Now, however, it seemed they were the ones courting a massacre. Glands clenched, spilling the musk of fear into the air. Frightened squeaks dripped past shivering fangs. Those ratmen closest to the tunnels and shafts quickly deserted the gallery. As the first fled, the rest quickly followed. Rodent shrieks echoed through the mine as some of the vermin threw themselves down open shafts in their mindless terror, hurling themselves and those climbing below them to an ignominious doom.
Growling their own battle-cries, the other dwarfs charged the retreating skaven. Scores of the beasts were cut down before they could desert the gallery, hacked to pieces by dwarfish axes and battered to paste by dwarfish hammers.
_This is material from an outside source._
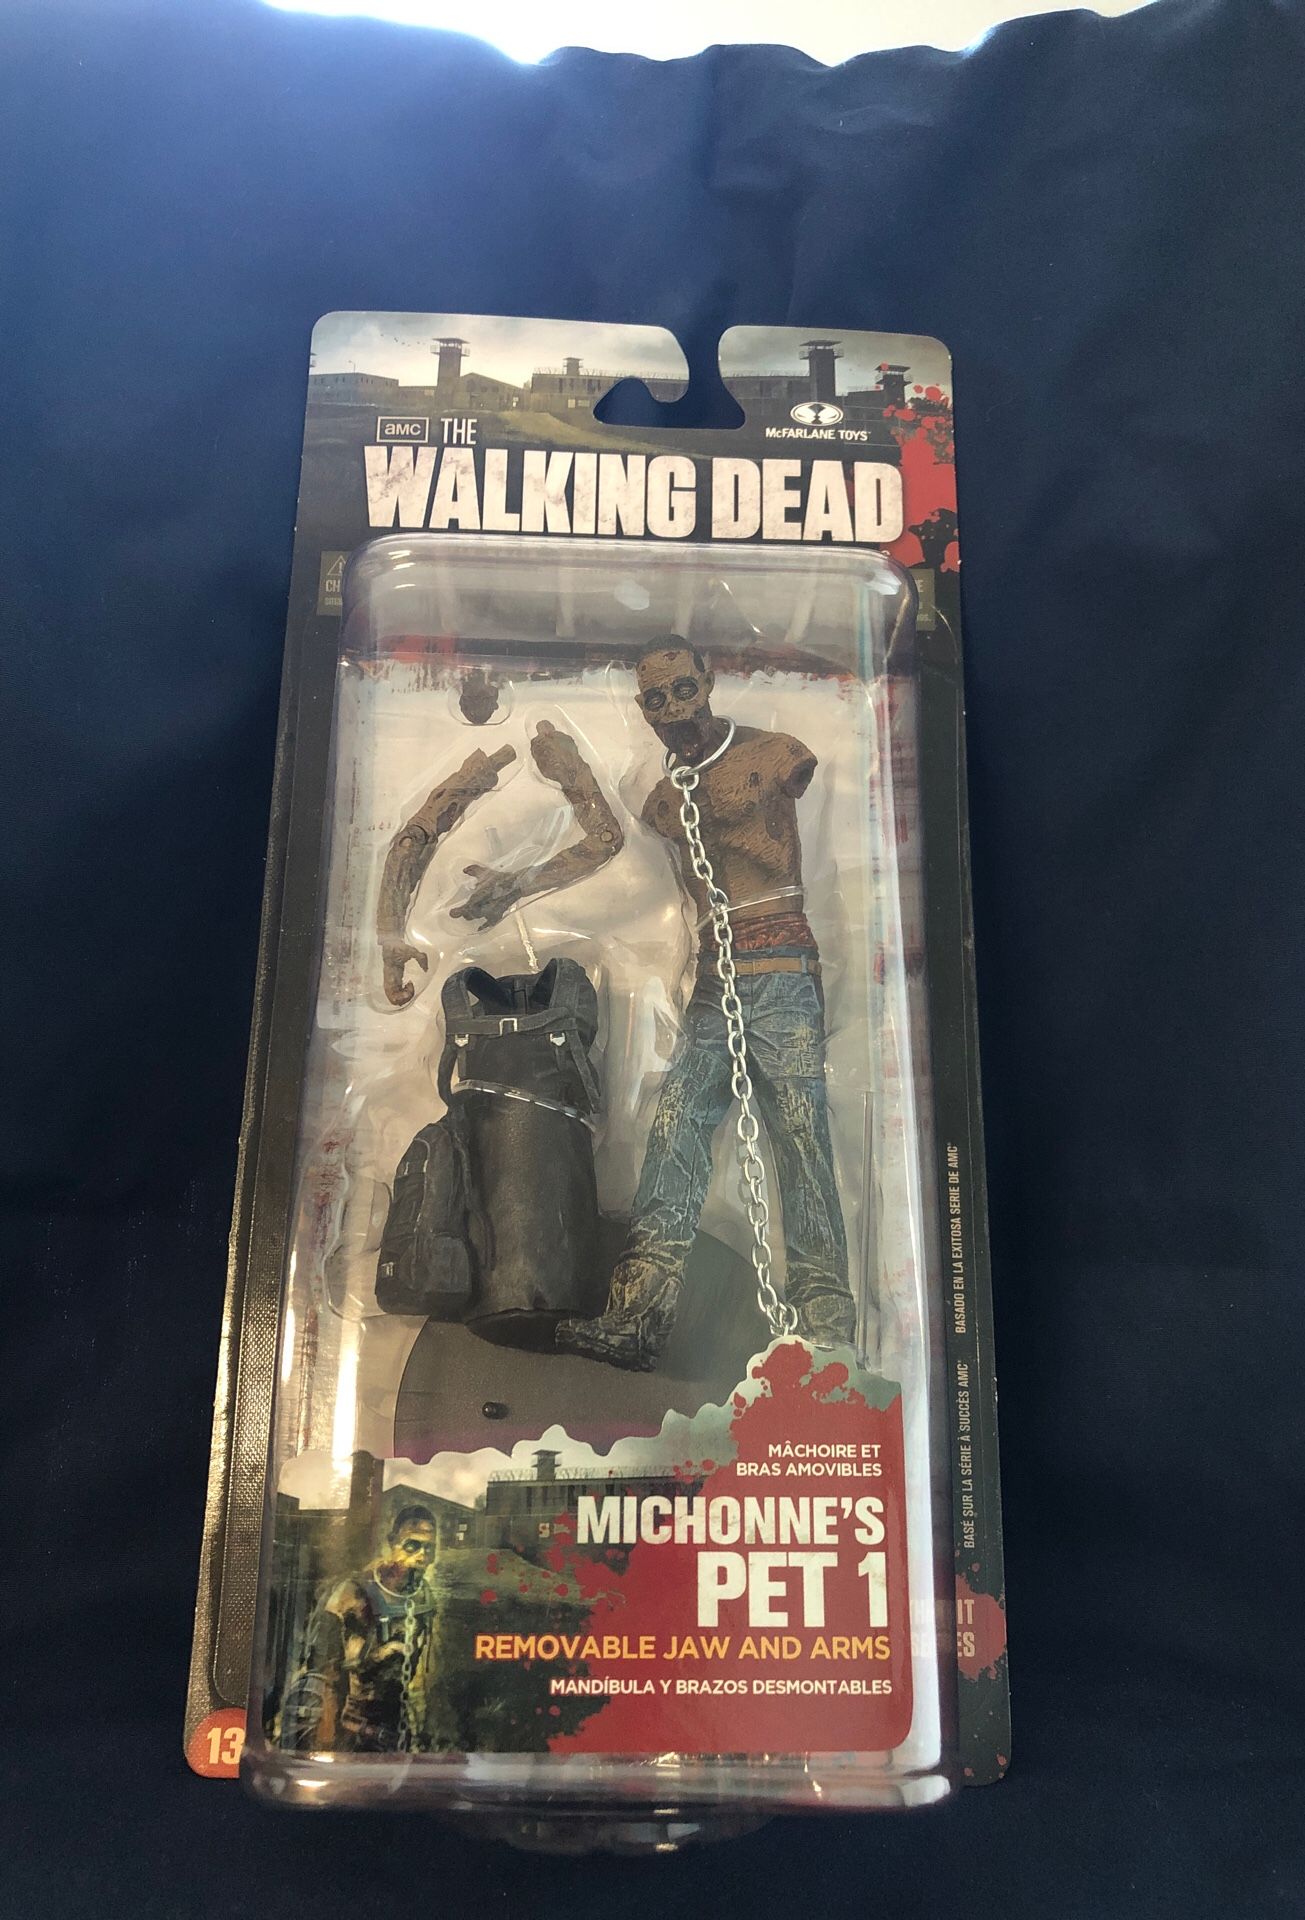 The Walking Dead -Series 3 Michonne’s Pet 1

Kurgaz stepped away from the mess of pulp that had been the last enemy to fall before him. He glanced around, but there were no ratkin within his reach. He spat at the fleeing vermin in contempt. Lower than greenskins, these filthy skaven. At least an orc had the spine to stand and fight. There was no glory in a battle like this, victory against such an easily routed foe rang as hollow as an elven promise.
The dwarf swung Drakdrazh onto his shoulder, grunting as its weight pressed down on him. He wondered if the weapon shared his disappointment, his frustration that the fight was over before it was properly begun. A runeweapon had a spirit all its own, a divine spark pounded into it by the runesmiths who forged it. How the hammer must lament the fall from ancient glories to the culling of slinking ratkin!
‘Victory, Kurgaz!’ a sallow-bearded dwarf warrior shouted, sprinting towards the champion. Blood dripped from the warrior’s torn ear and there was a gash in his forearm where a skaven spear had pierced him, yet he seemed to give small consideration to his hurts, gripped by the jubilation of victory. ‘The skaven will think twice before they defile Grungni’s Tower again!’
Kurgaz scowled at the younger dwarf’s enthusiasm. ‘They turned and ran before the fight could even start,’ he cursed, kicking the rodent mush at his feet.
‘
The honour is yours, Kurgaz,’ the warrior told him. ‘If not for you, the ratkin might have overwhelmed us. Broken out into the upper workings.’
‘What honour in slaughtering vermin?’ Kurgaz shook his head and patted the haft of his hammer. ‘They were unworthy of Drakdrazh.’
At that instant, a loud report echoed through the gallery. Kurgaz staggered as he was struck from behind, the shot slamming into him with such force that his mail was shredded by the impact. Acrid smoke and a torrent of blood rose from the wound. The dwarf took a stumbling step, then slammed face forwards onto the floor.
The dwarf warriors clearing out the last knots of lingering ratmen looked up, stunned to see a lone skaven dangling from one of the ventilation shafts. The creature was suspended by ropes, hanging upside down above the gallery. Clutched in its paws was the lethal bulk of a jezzail, smoke rising from its muzzle. Before any of the dwarfs could react, the verminous sniper slung its gun across its back and scampered back up the ropes, a chitter of sadistic amusement drifting down as it made its retreat.
‘The filth has shot Kurgaz Smallhammer!’ The shout echoed through the gallery almost as loudly as the shot had. In a matter of heartbeats, a ring of grave-faced dwarfs surrounded the prostrate form of their hero. They stared at the horrible wound in Kurgaz’s back, at the smouldering hole that had burned its way through layers of chain and leather to strike the flesh within.
One of the dwarfs, an old veteran with flecks of silver in his crimson beard, lifted Kurgaz onto his side and pressed his ear to the hero’s chest. ‘Take him to the stronghold!’ he called out. ‘Take him to his father while there is still breath in him!’